Ok, good quote. But the poll numbers back up the anecdotes. Broder points out that a New York Times/CBS News poll conducted this month found that only 14% of Tea Party supporters said that global warming is an environmental problem that is having an effect now, compared to 49% of the rest of the public believes that it is. More than half of Tea Party supporters said that global warming would have no serious effect at any time in the future, while only 15% of other Americans share that view.

And that deep skepticism on climate change seems to be infecting the rest of the Republican Party, like a brain-eating virus. The environmental lawyer and blogger RL Miller has been tracking the rise of what he she calls “climate zombies,” Republican Congressional candidates who are highly skeptical of the existence of man-made climate change, and therefore the need to do anything about it. Mike Castle, the respected Republican House representative from Delaware, lost the Republican Senate primary to Tea Party-backed Christine O’Donnell in part because he supported cap-and-trade. (O’Donnell has said she doesn’t have an opinion on whether climate change is man-made, but she’s  resolutely against cap-and-trade.) As Ronald Brownstein wrote in the National Journal:

The GOP is stampeding toward an absolutist rejection of climate science that appears unmatched among major political parties around the globe, even conservative ones.

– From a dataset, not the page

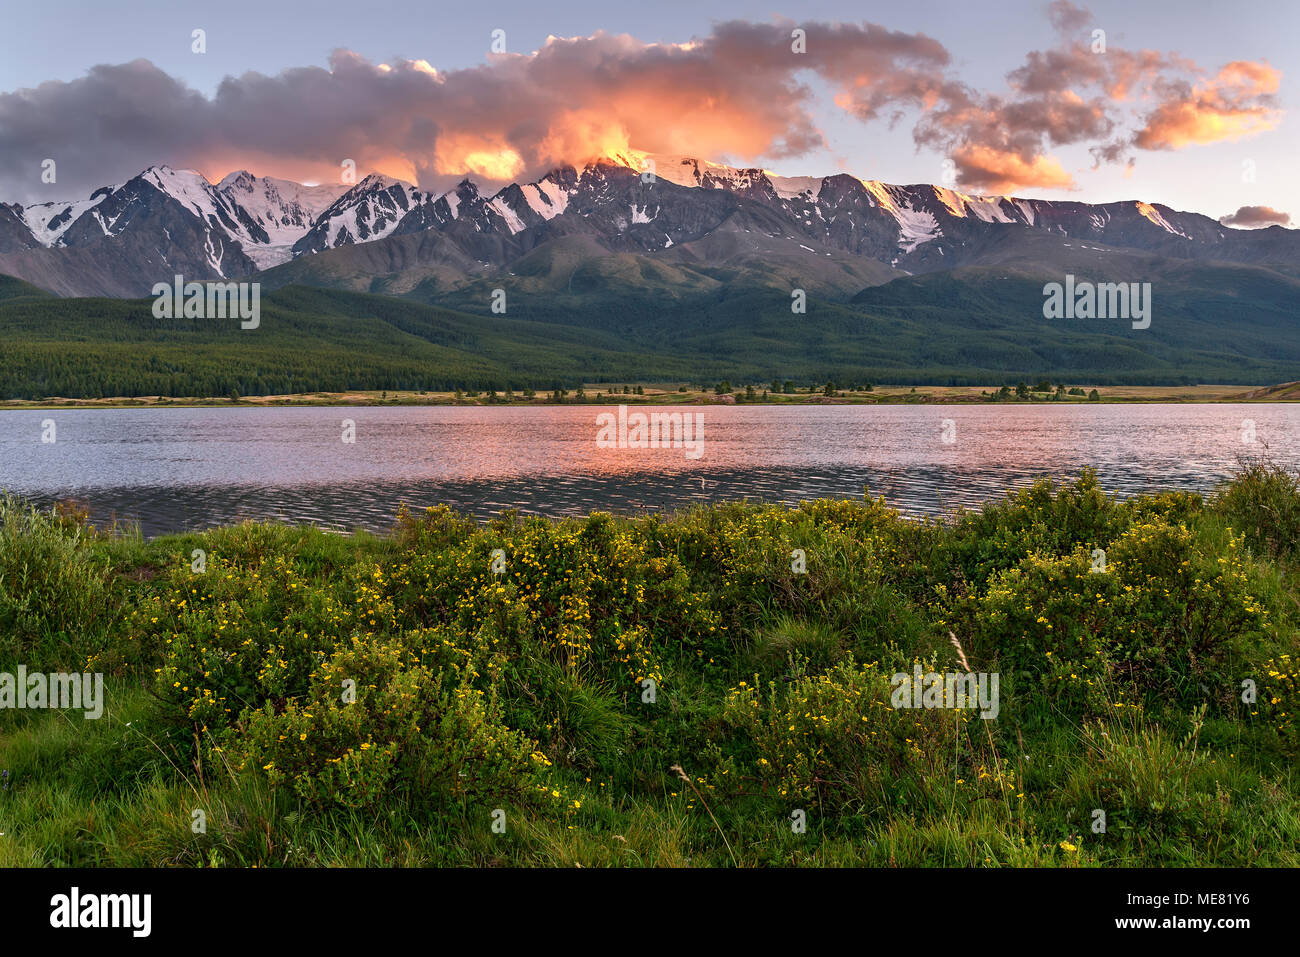 Amazing landscape with mountains, snow and forest on the slopes, bushes of Kuril tea on the shore of the lake and pink clouds at sunset Stock Photo

Now the “Post Partisan Power” authors argue that their technology-focused approach will attract votes more easily because even conservatives should be willing to support relatively small (in budget terms) government funding for straightforward research. After all, the federal government spends nearly $90 billion a year on defense research, and $30 billion a year on medical research, and there’s no general outcry for the elimination of the National Institutes of Health, presumably because everyone likes finding cures for diseases. But given the virulent anti-spending rhetoric coming from the Tea Party, I’m a little skeptical that it will be much easier to get a Republican-controlled Congress to agree to spend an additional $25 billion a year on energy research—especially if they don’t believe man-made climate change exists or is a problem. (Yes, there are good reasons to support a shift to cleaner energy even if you put climate change aside—dependence on foreign oil, traditional air pollutants—but it hardly justifies a big government program.) As David Roberts points out at Grist, the politics of public investment on energy might not be a lot easier than the politics of climate change.

That said, I still think an investment, research-focused approach like the one outlined in “Post Partisan Power” is still the way to go—in part because cap-and-trade will always be politically tricky. Some parts of the country (the Midwest and the South especially) are far more dependent on fossil fuels for electricity and would be hit harder by a cap. And I think you can build a bigger coalition around an investment, research and energy-focused approach, rather than one focusing tightly on the question of climate change. As the success of the Climate and Energy Project in redder-than-red Kansas shows, there are Americans out there who would never call themselves environmentalists and might picket Al Gore, but who still care about saving energy and moving to renewable power. (Maybe they’d be OK with calling themselves “climate hawks,” as Roberts has written.) A truly bipartisan approach on energy and climate won’t be easy—sometimes, especially right before an election, it seems completely impossible—but it’s the only approach we can hope for, if we still hope.